We give a proof for (a). It is then easy to check that the same homotopies provided in this proof are path homotopies (i.e., satisfy \(F(0,t)=x_0, F(1,t)=x_1\)) in the context of paths in \(P(X; x_0,x_1)\text{.}\)
Reflexive.
Given a continuous function \(f\colon X\rightarrow Y\text{,}\) the map defined as \(F(x,t)=f(x)\) for all \((x,t)\in X\times I\) is clearly a homotopy from \(f\) to \(f\text{.}\)
Symmetric.
Let \(f,g\) be continuous maps from \(X\) to \(Y\text{,}\) and assume \(f\simeq g\text{.}\) By definition this means there is a homotopy \(F\colon X\rightarrow I\rightarrow Y\) from \(f\) to \(g\text{,}\) so that in particular \(F(x,0)=f(x), F(x,1)=g(x)\) for all \(x\in X\text{.}\) Define \(G\colon X\rightarrow I\rightarrow Y\) as \(G(x,t)=F(x,1-t)\text{.}\) It is clear that \(G\) is continuous, and we have
\begin{align*}
G(x,0) \amp = F(x,1)=g(x) \amp G(x,1)\amp =F(x,0)=f(x)\text{.}
\end{align*}
Thus \(G\) is a homotopy from \(g\) to \(f\text{,}\) showing \(g\simeq f\text{.}\)
Transitive.
Let \(f,g,h\) be continuous maps from \(X\) to \(Y\text{.}\) We assume \(f\simeq g\) and \(g\simeq h\text{.}\) By definition there is a homotopy \(F\) from \(f\) to \(g\text{,}\) and a homotopy \(G\) from \(g\) to \(h\text{.}\) Define
\begin{align*}
H(x,t) \amp =\begin{cases}
F(x,2t) \amp \text{if } t\in [0,1/2]\\
G(x,2t) \amp \text{if } t\in [1/2, 1]
\end{cases}\text{.}
\end{align*}
The functions \(F(x,2t)\) and \(G(x,2t-1)\) are continuous on the closed sets \(X\times [0,1/2]\) and \(X\times [1/2, 1]\text{,}\) respectively, and agree on the intersection \(X\times \{1/2\}\) since \(F(x,2(1/2))=F(x,1)=g(x)\) and \(G(x,2(1/2)-1)=G(x,0)=g(x)\) for all \(x\in X\text{,}\) by definition of homotopy. By the closed pasting lemma, we conclude that \(H\) is well-defined and continuous. Lastly, we have
\begin{align*}
H(x,0) \amp =F(x,0)=f(x)\\
H(x,1) \amp =G(x,1)=g(x)
\end{align*}
for all \(x\in X\text{.}\)
Notation 2.1.10. Homotopy equivalence.
For topological spaces \(X, Y\text{,}\) let \(C(X,Y)\) be the set of all continuous functions. For a function \(f\in C(X,Y)\) we let \([f]\) denote its equivalence class with respect to \(\simeq\text{.}\) The set \(C(X,Y)/\simeq\) of all equivalence classes is denoted \([X,Y]\text{.}\)

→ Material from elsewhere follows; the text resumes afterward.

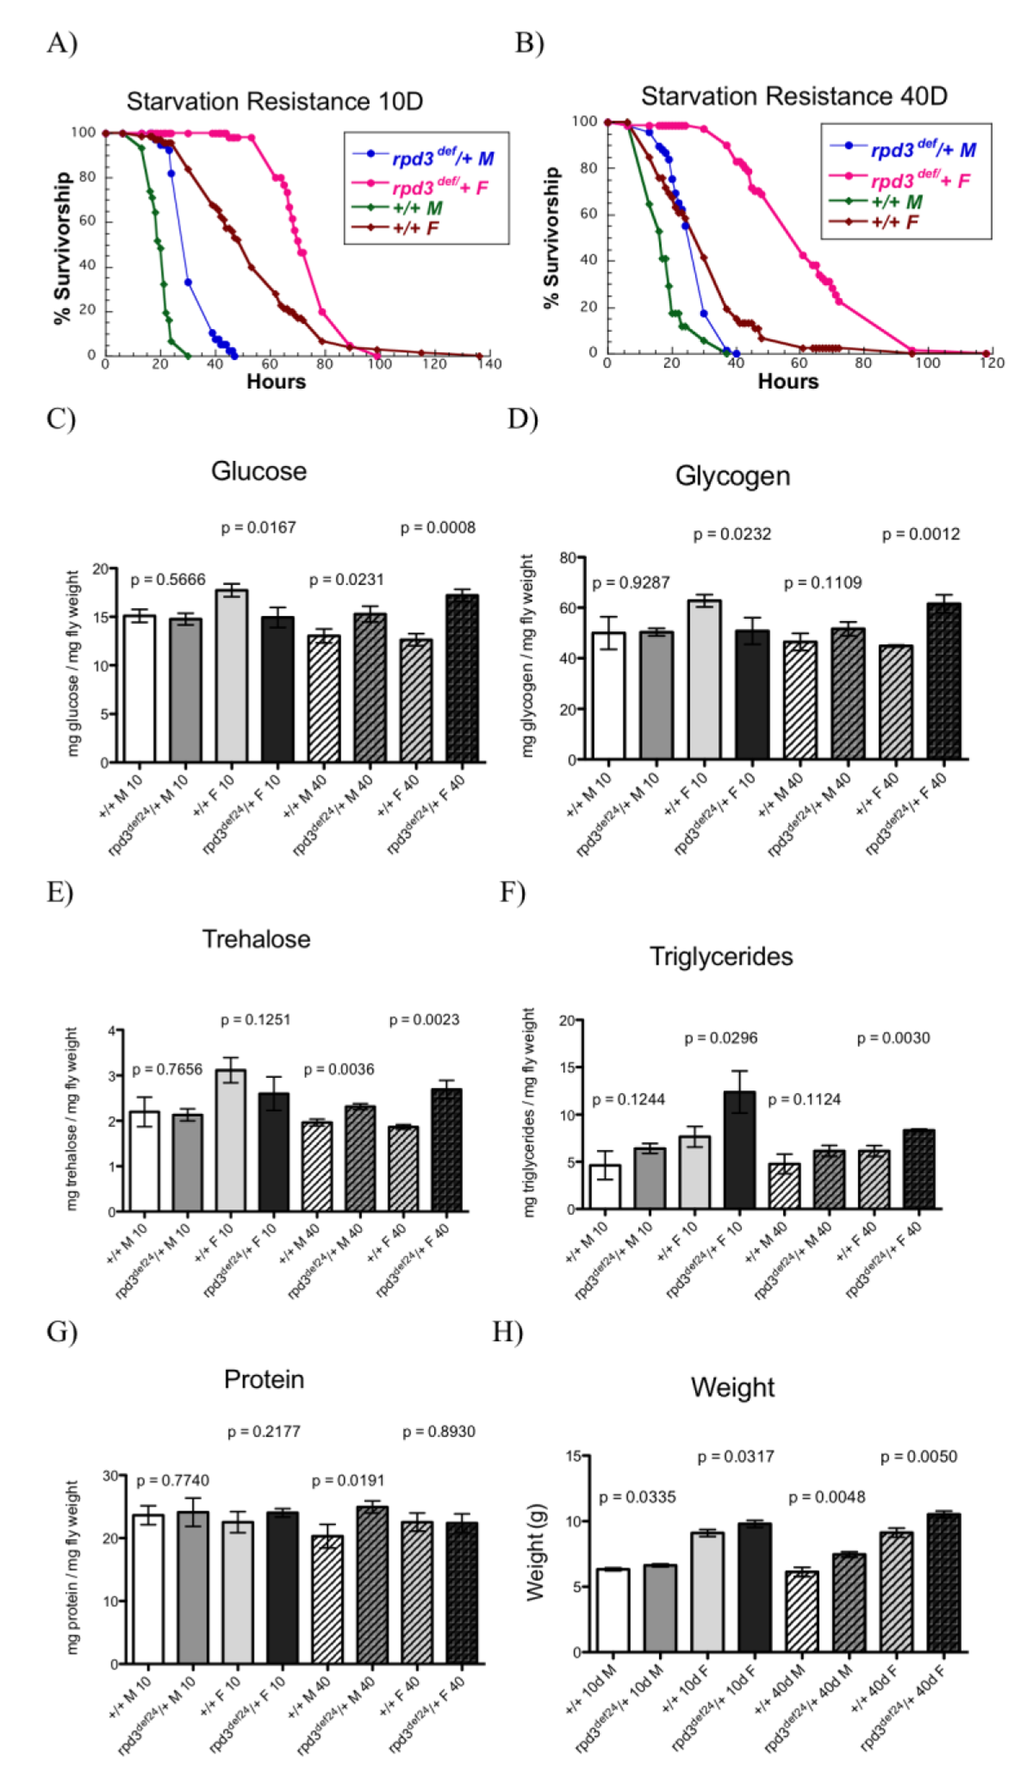 rpd3 reduction affects stress resistance and metabolism. (A,B) Reduced rpd3 levels increase stress resistance. Survival curves for male and female rpd3def/+ and control flies during starvation at age 10 (A) and 40 (B). (C-G) rpd3 reduction affects intermediary metabolism: Total levels of glucose (C), glycogen (D), trehalose (E), triglyceride (F) and protein (G) in rpd3def/+ and control male and female flies at age 10 and 40 days. (H) Weight of rpd3def and control flies used in C-G. Data are presented as means + SD (n=3, 30 flies per replicate. t test).

For \(f\in P(X; x_0,x_1)\text{,}\) we will also use \([f]\) to denote its equivalence class with respect to \(\simeq_p\text{.}\)
Definition 2.1.11. Path product.
Let \(X\) be a topological space, and let \(x_0,x_1,x_2\in X\text{.}\) We define a path product operation
\begin{align*}
P(X;x_0,x_1)\times P(X; x_1,x_2) \amp \rightarrow P(X;x_0, x_2)\\
(f,g) \amp \mapsto f*g
\end{align*}
as follows:
\begin{equation*}
f*g(s)=\begin{cases}
f(2s)\amp \text{if } s\in [0,1/2]\\
g(2s-1)\amp \text{if } s\in [1/2,1]
\end{cases}\text{.}
\end{equation*}
The function \(f*g\) defined is a path from \(x_0\) to \(x_2\text{.}\) Furthermore, if \(f\simeq_p f'\) and \(g\simeq_p g'\text{,}\) then \(f*g\simeq f'*g'\text{.}\) In other words, we get a well-defined operation on homotopy classes defined as
\begin{equation*}
[f]*[g]=[f*g]\text{.}
\end{equation*}
Proof.
It is easy to see, using the closed pasting lemma, that \(f*g\) is well-defined and continuous. We show that it is well-defined on homotopy classes, as claimed.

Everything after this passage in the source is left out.